# WSDL Java C#



## Generic1 (23. Dez 2011)

Hallo,

ich habe eine WSDL vorliegen (die Applikation dahinter wurde mit C# programmiert) und möchte mit einem Java- Client darauf zugreifen. 
Weiß jemand ob das so ohne weiteres funktioniert.
Die von der WSDL angebotenen Methoden liefern teilweise nicht nur primitive Datentypen zurück sondern auch Objekte -> und da liegen meine Bedenken.

Einen "normalen" Java- Client zu machen, das ist mir klar wie das geht, einfach Eclipse anwerfen, Wizard durchklicken und fertig, das dürfte nicht das Problem sein und hab ich auch schon einige male gemacht aber wie ist es eben mit den return Objekten?

lg


----------



## schlingel (23. Dez 2011)

Genauso. Die werden ja auch im WSDL definiert. Probier es also einfach aus.


----------



## bronks (24. Dez 2011)

Generic1 hat gesagt.:


> ... aber wie ist es eben mit den return Objekten? ...

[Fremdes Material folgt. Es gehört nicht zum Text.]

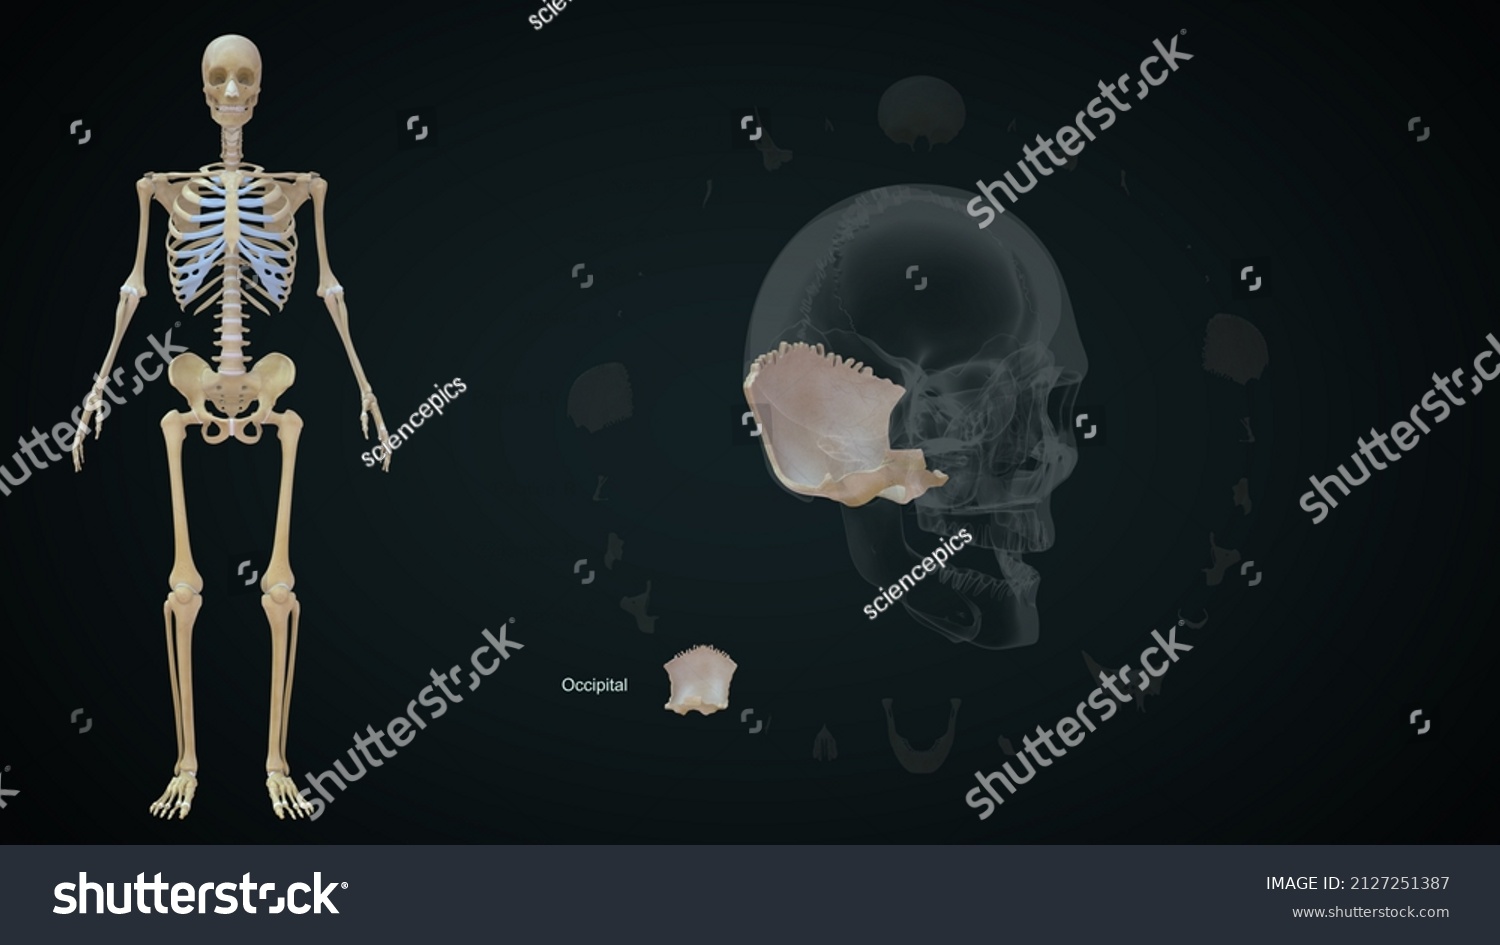 Human Skull Bones Occipital Anatomy 3d Stock Illustration 2127251387 Shutterstock 0779

Return ist nicht so das Problem, aber freu Dich, wenn es ein Ouput Parameter ist. Sun bzw. Oracle wollte das schon 2004 in zukünftigen Javaversionen nicht unterstützten.


----------



## DerFeivel (26. Dez 2011)

Die in der WSDL definierten Objekte setzen sich ja wiederum auch nur aus primitiven Typen zusammen. 
Dementsprechend werden einem dann mit wsimport (den Wizard hab ich leider nie benutzt) mit die entsprechenden JaxB-Klassen erzeugt.


----------



## fastjack (26. Dez 2011)

Wir hatten bei Listen von Objekten damals erhebliche Schwierigkeiten unter .net. Die Kombination war Java/Tomcat/Axis -> WSDL -> 3.3/3.4 .net Client. Der .net Codegenerator hat Objektlisten schrott generiert, sodaß der Client immer Null empfangen hat.


----------



## Pippl (27. Dez 2011)

Antwort: JA, es geht ohne Probleme (vl wenn mans das erste mal macht hier und da ein paar Ecken, aber naja gibts ja immer)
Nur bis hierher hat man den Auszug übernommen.